Take 6
- Take 6 boutique signage on Carnaby Street, London, in the 1960s.
- Company type: Private
- Industry: Fashion
- Founded: 1965
- Founders: Sidney Brent, Jack Collins
- Headquarters: London, England
- Area served: United Kingdom
- Products: Clothing, accessories

= Take 6 (brand) =

British fashion and apparel brand with origins in 1960s London

Take 6 (always styled with the numeral 6) is a British fashion brand with origins as a boutique chain founded in London in the mid-1960s. The original Take 6 stores were closely associated with London in the Swinging Sixties and the fashion culture surrounding Carnaby Street, Soho, Oxford Street, and King's Road, Chelsea, and have since become part of the documented history of British youth fashion.

Today, Take 6 continues as a modern unisex fashion brand that draws inspiration from its city of origin, London, England.

== History ==
The beginnings of Take 6 trace back to East London's post-war street-trading scene. According to family accounts and former employees, Sidney Brent began selling handbags and accessories from a barrow in markets such as Romford and Hackney, while Jack Collins operated a small Romford shop selling ladies’ gloves. The two men formed a partnership known as Brent & Collins.

When wholesalers could not supply the styles they wanted, Brent began designing garments himself, giving the business a more distinctive look. In the 1960s, the partners renamed the business Take 6 and opened boutiques in London's West End.

Historical boutique maps and published retrospectives note Take 6 operating in multiple Soho and West End locations during the 1960s, including Wardour Street, an area known for its concentration of fashion boutiques and film-industry offices at the time. The name Take 6 is said to have been chosen because the shop was located six doors down from a film production company. The brand expanded into Soho and the West End, including additional locations on Carnaby Street, Great Marlborough Street, Oxford Street, and King's Road in Chelsea.
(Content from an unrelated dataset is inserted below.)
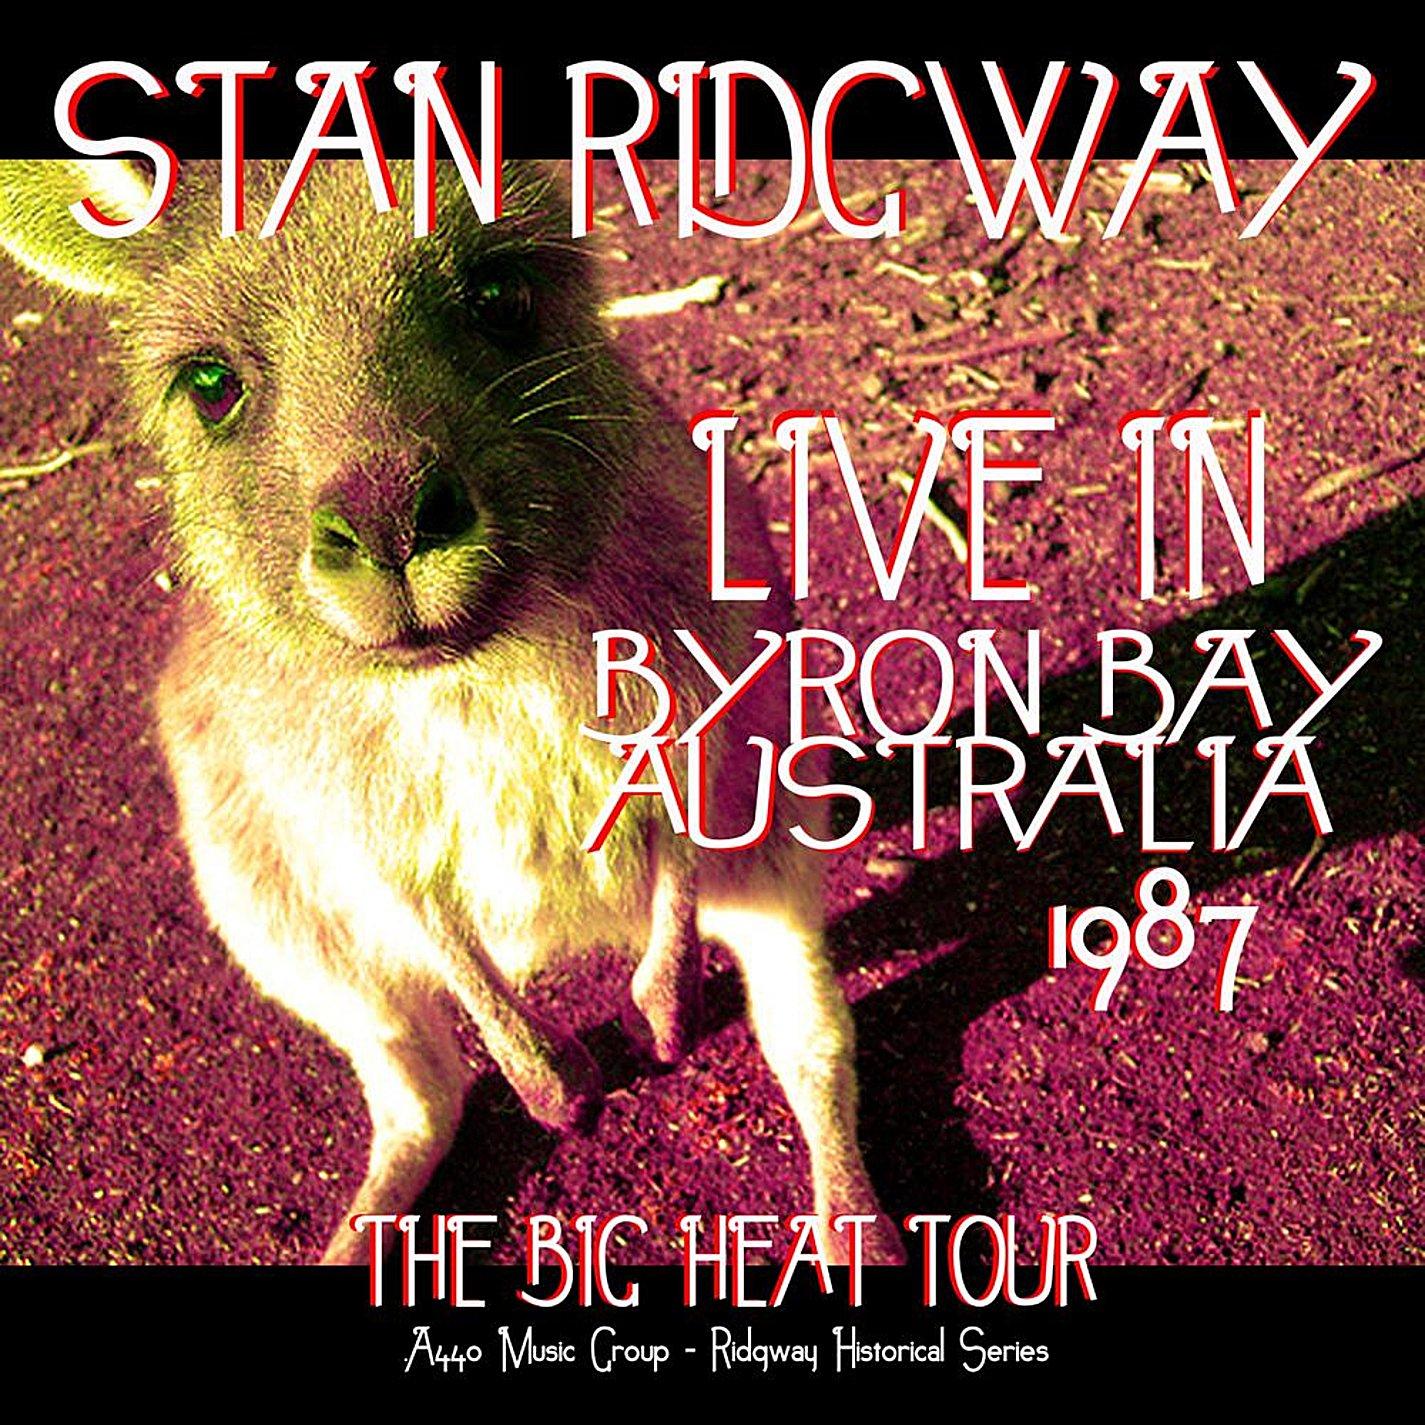 Live in Byron Bay Australia 1987

By the 1970s, Take 6 operated as a small chain with locations recorded on Oxford Street, Marble Arch, Bond Street, Wardour Street, Great Marlborough Street, Carnaby Street, King's Road, Kensington Church Street, East Ham, Romford, Barking and Southend, as shown in contemporary boutique maps and Carnaby Street archives.

Like many independent West End boutiques of the period, Take 6's original physical stores closed in the early 1980s as central London retail rents rose and larger companies came to dominate high-street fashion. Former employees recall the gradual closure of branches during this time.

== Cultural influence ==
Take 6 is considered part of the broader shift in British menswear known as the Peacock Revolution, which introduced bolder colours, expressive tailoring and more creative silhouettes into mainstream men's fashion during the 1960s and 1970s.
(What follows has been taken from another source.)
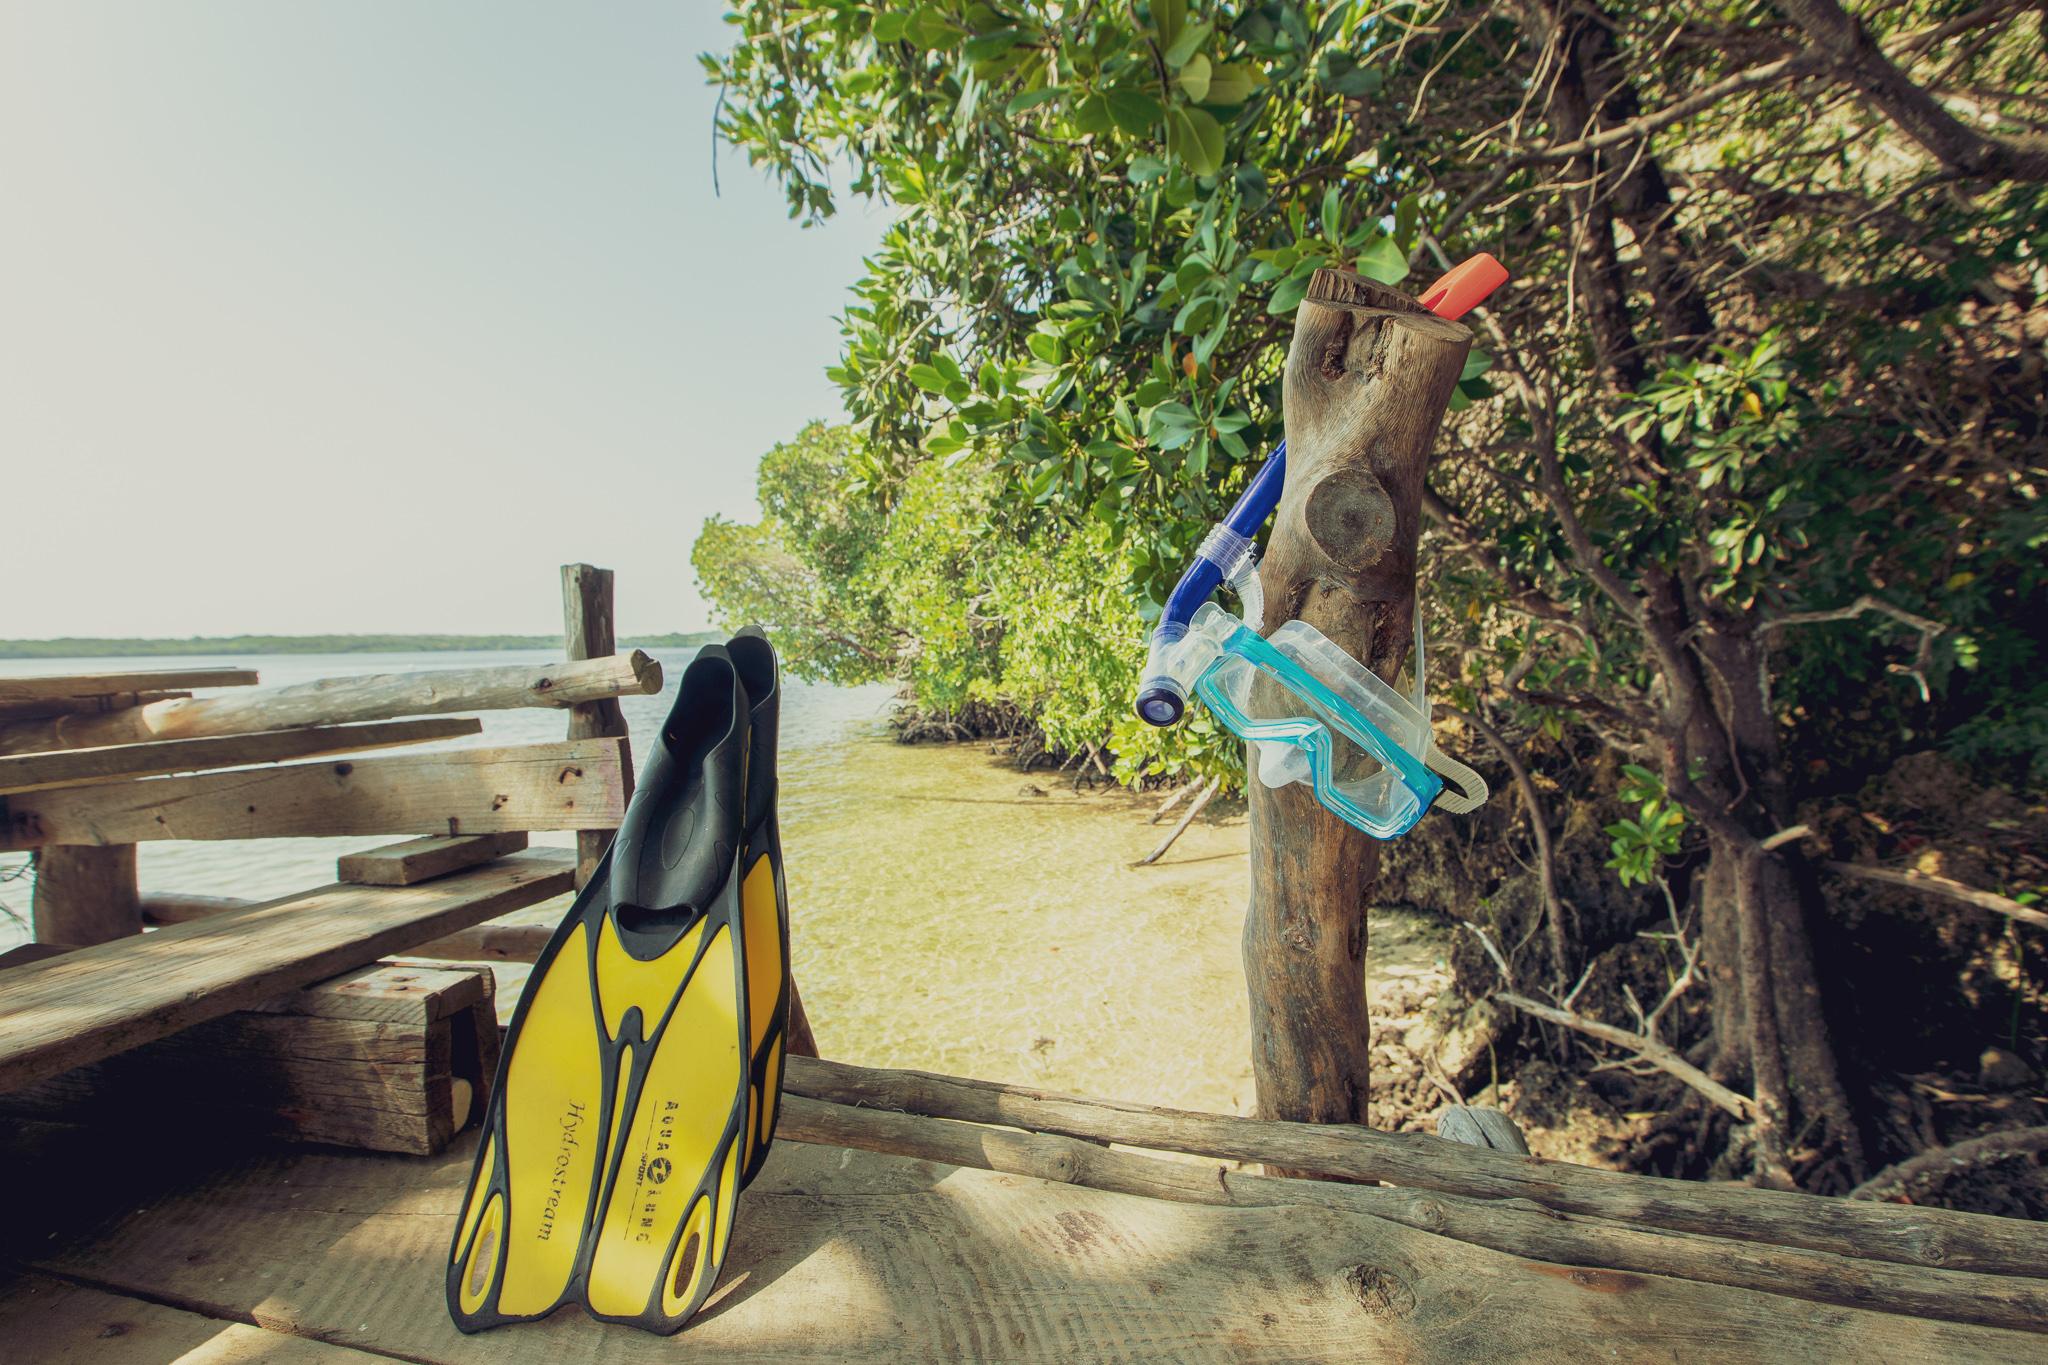 Snorkel & fins

Vintage fashion sources describe Take 6's clothing as eclectic and sometimes avant-garde, aimed at the expanding youth fashion market. Founder Sidney Brent actively courted show-business personalities and musicians as customers.
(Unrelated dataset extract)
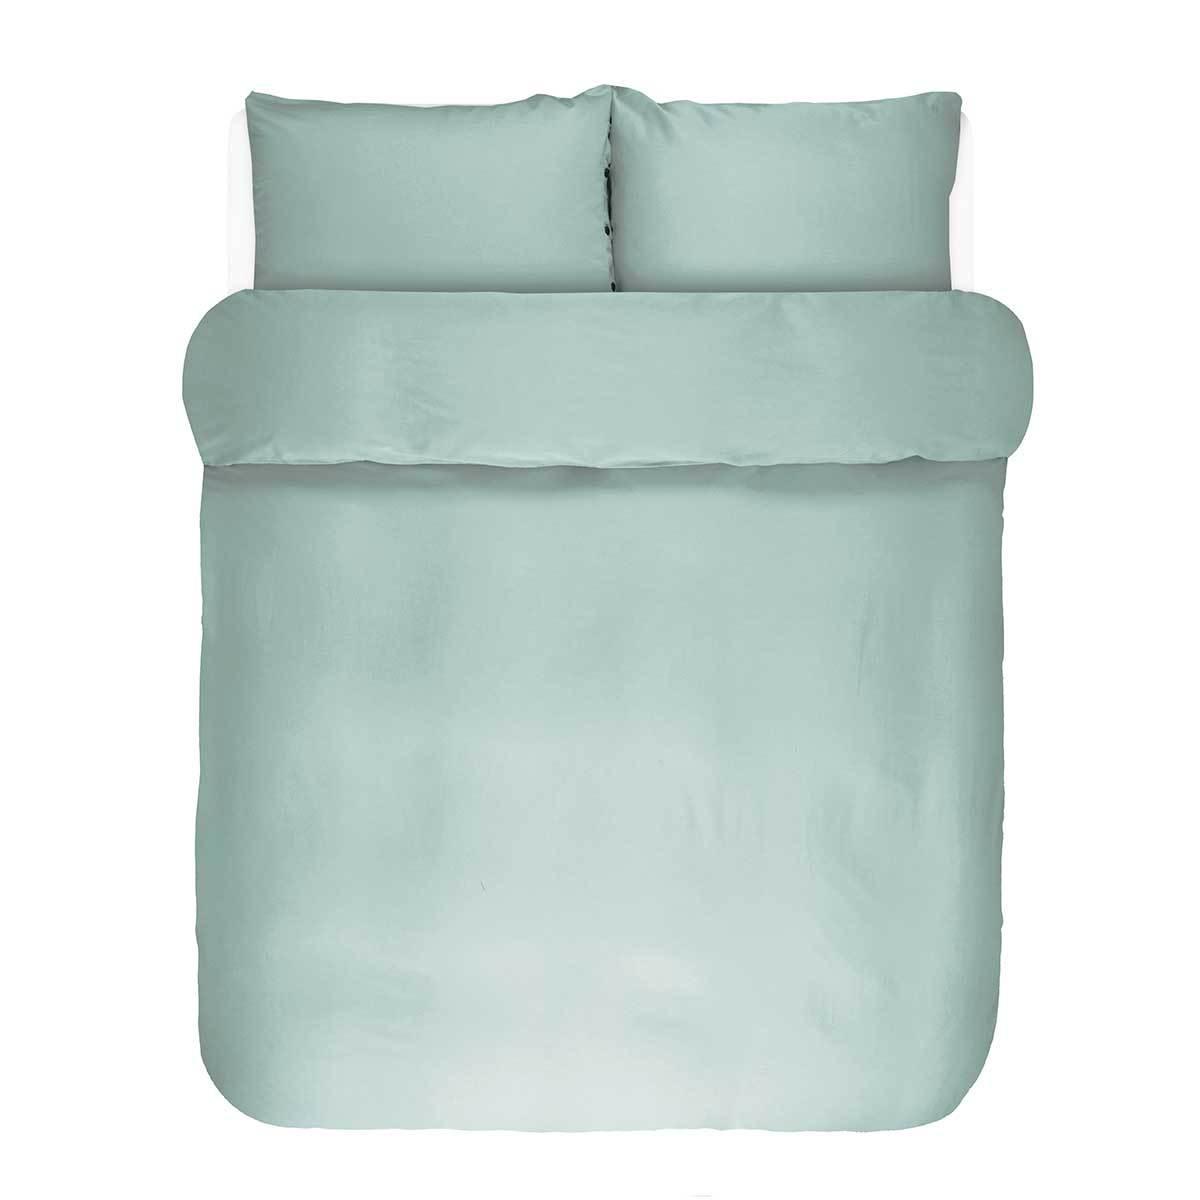 marc o polo tencel bettw sche vora aqua g nstig online. Black Bedroom Furniture Sets. Home Design Ideas

A published 1966 press photograph shows members of The Troggs outside the Take 6 boutique on Wardour Street with shop owner Sid Brent, taken when their single "Wild Thing" reached No.2 in the UK Singles Chart; the group had been promised £1,000 worth of clothing if the record made the Top 5.

Carnaby Street and King's Road, where Take 6 operated, were well-documented hubs for 1960s pop groups and musicians. Artists such as The Bee Gees, The Small Faces, The Animals, The Troggs, The Beatles, The Rolling Stones, The Who, The Kinks and Jimi Hendrix were known to visit boutiques in these districts.

Some secondary sources suggest that musicians like Jimi Hendrix, Mick Jagger and David Bowie may have been customers, though no primary photographic or press evidence has been found to confirm this.

A period photograph from the late 1960s shows shoppers and live performers inside a Take 6 boutique, illustrating the blend of youth fashion and live music characteristic of the era. The broader fashion–music crossover later inspired stylised depictions in films such as Austin Powers and What’s New Pussycat?

== Products and stores ==
Take 6 sold tailored jackets, coats, casual separates and accessories. Surviving garments with the Take 6 label occasionally appear in vintage marketplaces, auctions, and museum collections, including the Victoria and Albert Museum.

Additional surviving examples of Take 6 garments are documented in specialist vintage archives and auction listings.

== Legacy ==
Although the original boutiques closed in the 1980s, Take 6 remains recognised among collectors. Garments bearing the label continue to appear in auctions and vintage markets. The brand is frequently referenced in retrospectives covering the fashion history of Carnaby Street, Soho and King's Road.